In my last post, I suggested two problems with contemporary model-driven software development. This article looks at the first of those: why model?
Any technique must offer benefits to justify the overhead of adoption. Commercially that means: deliver better software faster. Benefits can arise from other avenues too, not least “it’s novel / interesting / all the hipsters are doing it”. But let’s focus on the commercial imperative for now. As Grady Booch observed,
Modelling offers higher level abstractions not found in mainstream programming languages. Even the much-maligned UML provides State Models and Relations as first class constructs. Higher abstractions should enable more efficiency and so deliver better software quicker.
So why isn’t modelling common place?
Why don’t we model?
To answer that we need to look at how to model. There are broadly 3 approaches:
- Formal methods
- Domain-specifc languages
- General purpose modelling languages
Formal methods such as Z and VDM have been around since the 1970s. More recently tool-supported approaches such as TLA+ and Event-B/Rodin have appeared. But if MDx is a backwater in the general software development world, it’s a veritable Amazon() in comparison to formal methods adoption.
Formal methods can definitely contribute to the “better software” imperative. Any impact on “faster” is a second order effect however: the models have to be translated into working software by hand. And the learning curve can be steep, requiring a solid foundation in the theory and notation of one or more mathematical disciplines (predicate logic, sets, graphs).
Domain Specific Languages & Models
There has been a resurgence in domain specific approaches in the last few years, as evidenced by the growth in Language Workbenches. Domain-specific approaches can directly address both “better” and “faster”. But they are not without hurdles, both technical and organisational. On the technical front it’s the challenges of language design. Textual approaches (e.g. Spoofax, Xtext, MPS, Rascal) require the designer to understand compiler construction: parsing, linking, semantic analysis, type systems and so on. Graphical approaches such as MetaEdit+ perhaps simplify that. But there’s still the question of designing a language.
The organisational barriers are at least as significant – and independent of the textual/graphical debate. Getting traction for a DSL depends heavily on the organisation’s approach to software. It’s possible in companies building software products, especially those offering related product families. The cost of investing in language design and tooling is justified through repeatability and hence efficiency. But not all software falls into the “product family” bucket. Even when it does, some organisations – and many developers – are nervous about building a proprietary language. Maintainability, recruitment and CV curation can be powerful adversarial forces.

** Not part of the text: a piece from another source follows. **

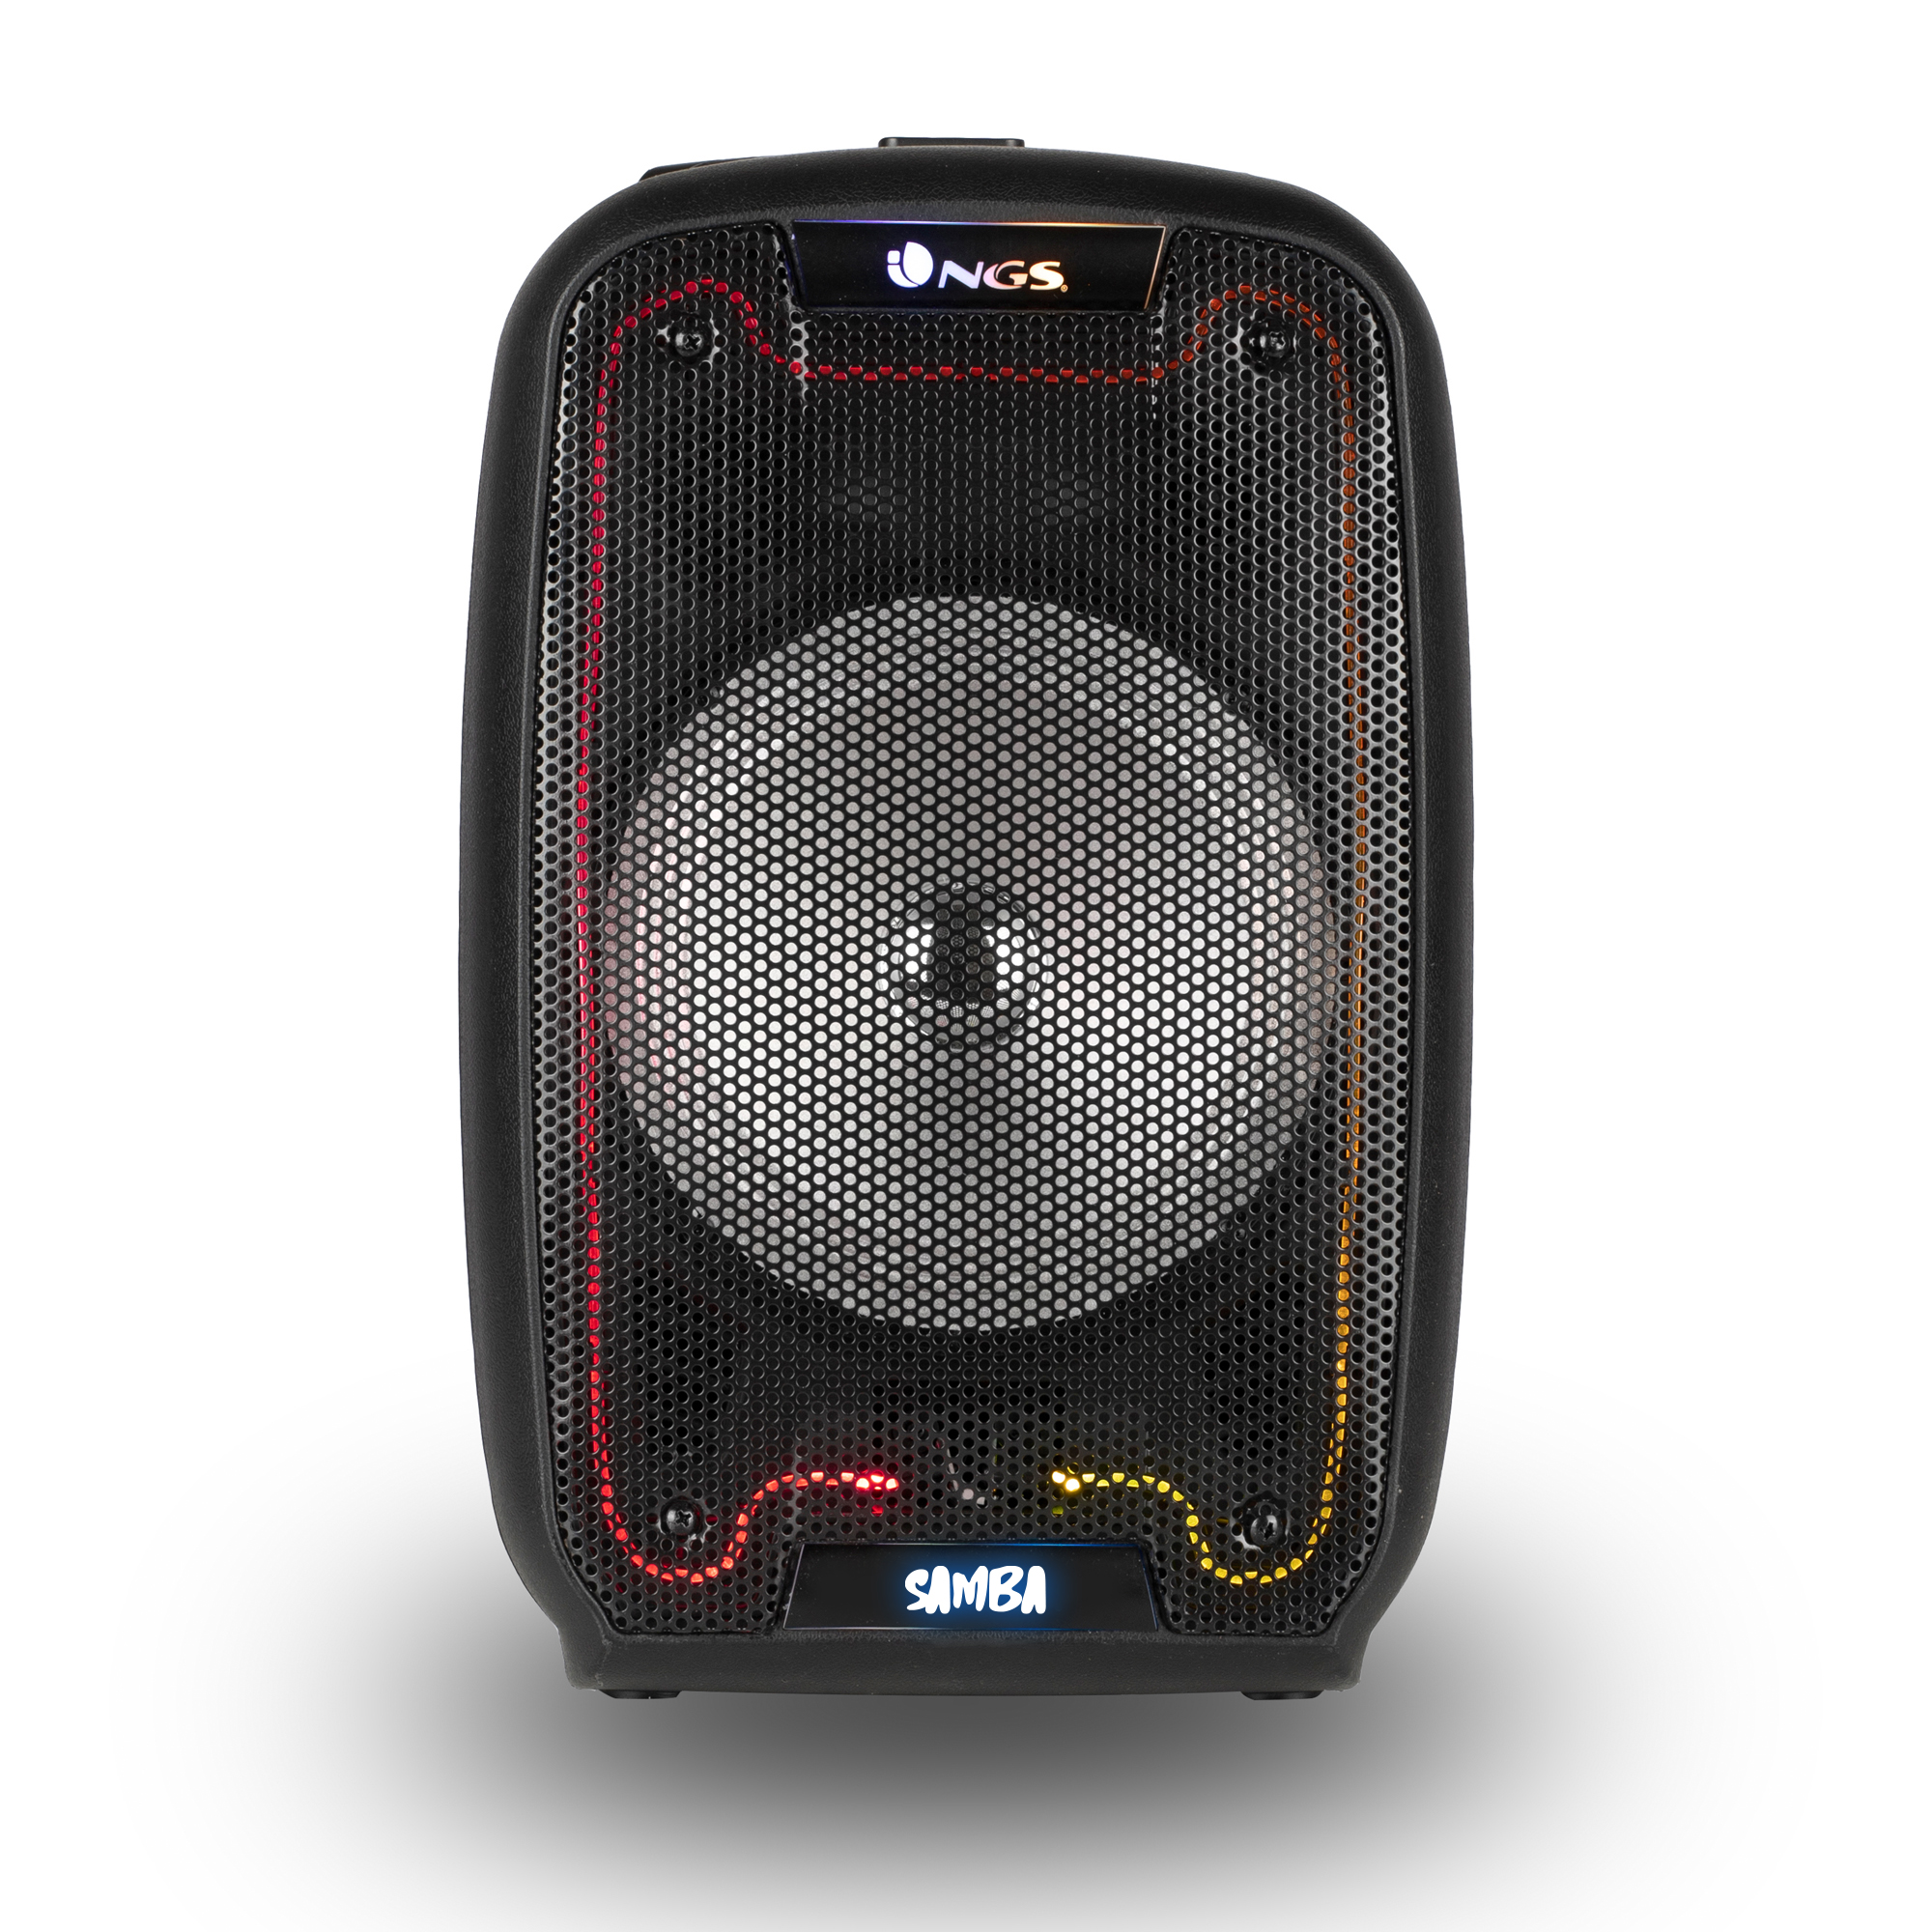 NGS Wild Samba Premium Lautsprecher (Aktiv-speaker, Schwarz)

General Purpose Modelling Languages
Mention “modelling language” in the context of software and the UML is never far away. If there was a poll for most debated standard, it – in partnership with its close cousin MDA – would win hands down. No contest.
Because UML Models aren’t executable but MDA needs them to be.
Actually I should be more specific. The vast majority of UML models are mere sketches. Sketches aren’t working software.
Sketches need lots of human endeavour to translate them into working software. Which isn’t to say they’re bad: a quick diagram on the whiteboard can be invaluable. But it’s a long way from working software. At the height of its hype curve, the UML wasn’t capable of describing precise, executable models(). Without those, it’s impossible to automate software generation. Without automation, we don’t get better software quicker.
This is the fundamental mistake with MDA:
- An incomplete language intended for sketches is not a viable basis for precise, executable models.
- Without precise models,
- no formal checking can take place. So the impact on “better” is marginal;
- no process automation can take place. So the impact on “faster” is at best nil.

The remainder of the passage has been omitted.